A herd of elephants in Malaysia smashed up a car after it struck one of their babies on Sunday night.

That (frankly understandable) response shows how the highly emotional animals will do anything to protect their own, an elephant advocate said.

"If you put yourself in their position, if your kid was hit by a car and you felt that people were negligent or whatever you thought, I suppose you or your family might fly into a rage or scream or shout at people also," Joyce Poole, who co-founded an elephant research and advocacy nonprofit called Elephant Voices, told Business Insider.

Three people were driving in a compact car when they struck the elephant calf in Gerik, Malaysia, on Sunday night, CNN reported, citing local authorities.

It was rainy and foggy, and the car was rounding a bend on a major highway when it hit the calf, who had been walking across the road with a herd of 5 other elephants, Gerik police told CNN.

When the calf fell to the ground, the troupe of elephants stampeded the car in retaliation, bashing in its side doors and smashing all of its windows, police told CNN.

It's not clear if the three people were still inside the vehicle at the time, but no injuries were reported, according to CNN.

The baby elephant was able to get up and the herd ran off, the outlet reported.

Poole, a wildlife ecologist who studies elephant behavior, told BI that what the herd did to that car is "not atypical" for the highly protective, emotional creatures.

"They're really tightly bonded families," Poole said.

Female elephants, she said, live together for their entire lives and the matriarchal society is fiercely loyal, especially to their young.

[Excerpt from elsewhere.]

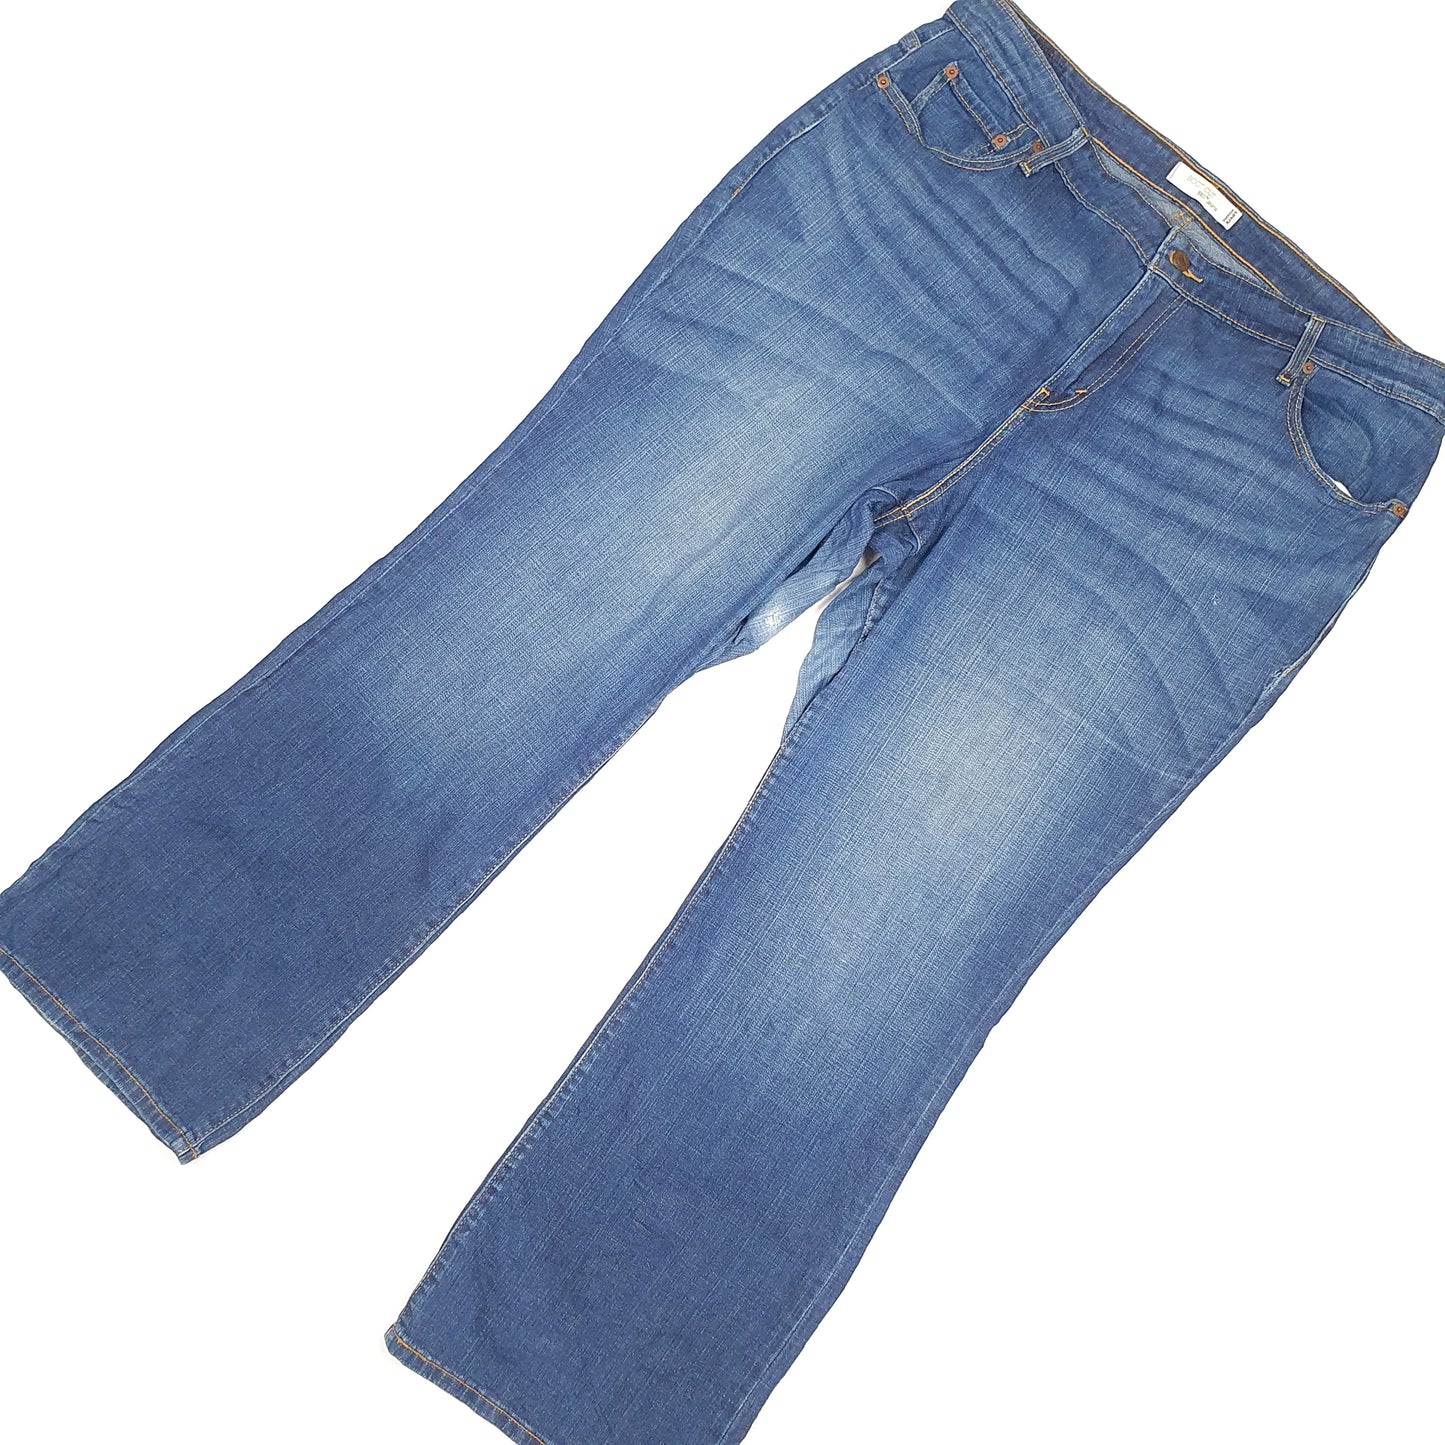 Levis 580 Bootcut Fit Jeans UK22

"So absolutely, if they feel that a member of their family is threatened, they pull together as a united force. And whether that means just threatening and making a commotion or it means bashing a vehicle, they'll do it," Poole added.

Poole explained that when either humans or other animals threaten a member of the pack, the herd forms what experts call a "coalition," coming "to the rescue" as a unit to attack the aggressor.

"If a calf even as much as squeaks, everybody has to run over and see whether it's okay," Poole told BI.